Knowledge-Driven Data Integration and Reasoning for Sustainable Subsurface Inter-Asset Management
Author(s): Lijun Wei, Heshan Du, Quratul-Ain Mahesar, Barry Clarke, Derek R. Magee, Vania Dimitrov, David Gunn, David Enwisle, Helen Reeves, Anthony G. Cohn
Full text: submitted version
Abstract: Sustainable subsurface infrastructure management requires an integrated approach that considers the various city infrastructure assets (e.g. roads, ground, buried utilities), human activities and the environment as a holistic system. To this end, an integrated knowledge-driven decision support system is presented in this paper based on a suite of knowledge models, which describe the main properties/processes of different city infrastructure assets (City Infrastructure Asset Ontologies), the categories/ properties of events that need some decisions to be made in assets management (Trigger Ontology), and the geophysical techniques suitable for measuring different asset properties (Investigation Ontology).
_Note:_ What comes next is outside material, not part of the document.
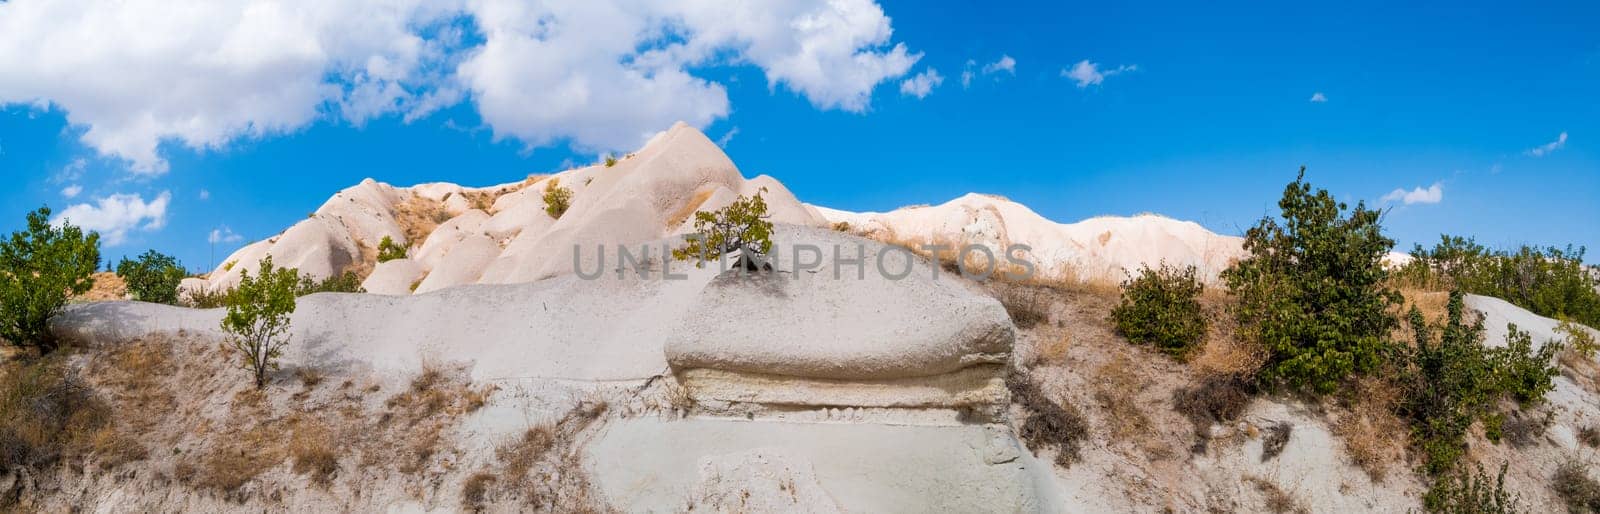 Sand mountain under clear blue sky by GekaSkr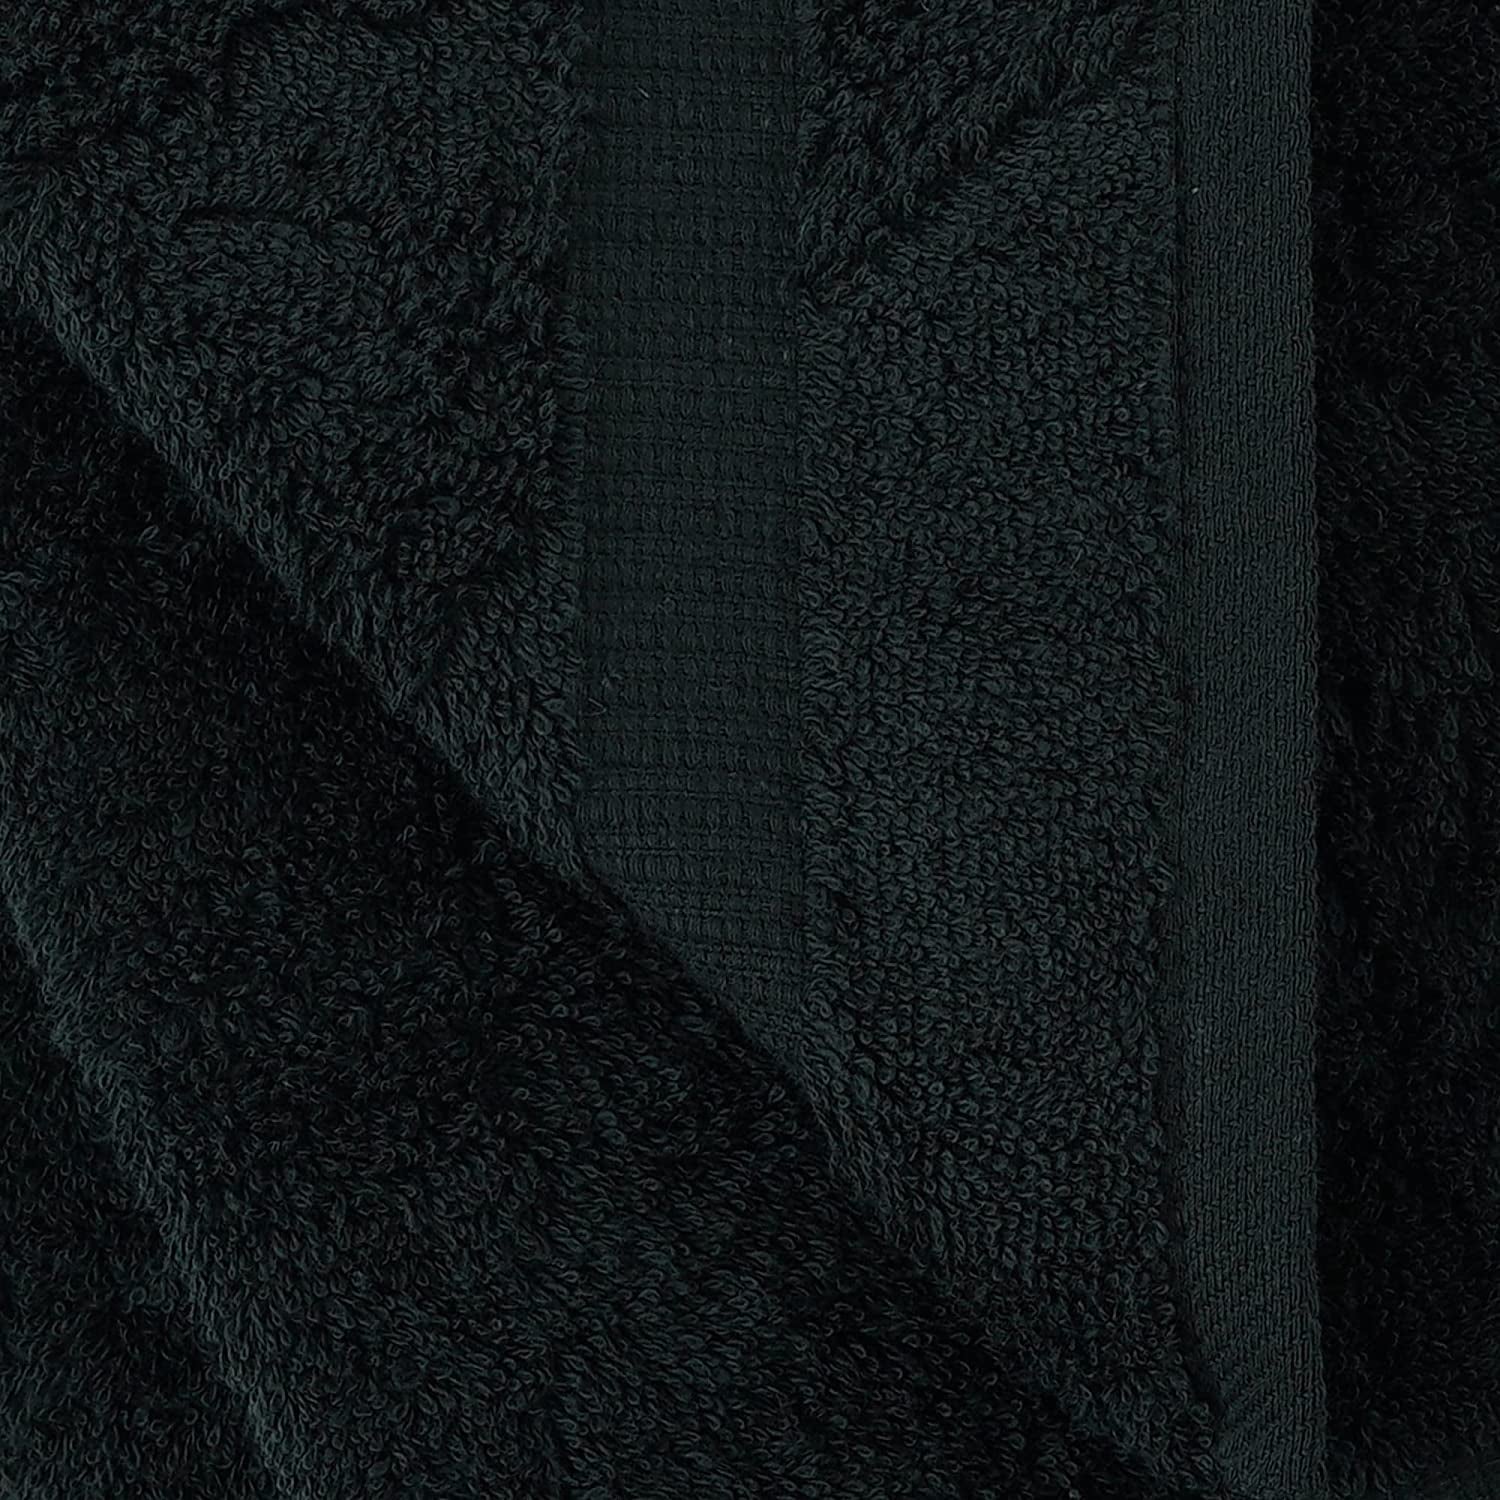 Premium Turkish Cotton Super Soft and Absorbent Towels (4-Piece Bath Towels, Black)

Various datasets are sourced, preprocessed, integrated in a spatial database and mapped to these ontologies; and an inference engine is employed to exploit the knowledge and data for automated inference of potential consequences. A prototype of this system has been developed and users’
feedback collected from two workshops showed that the system is widely considered as a potentially useful tool for practitioners.
Keywords: knowledge-driven; data integration; reasoning; decision support system; subsurface infrastructure management; inter-asset management
Review 1 (by Paul Groth)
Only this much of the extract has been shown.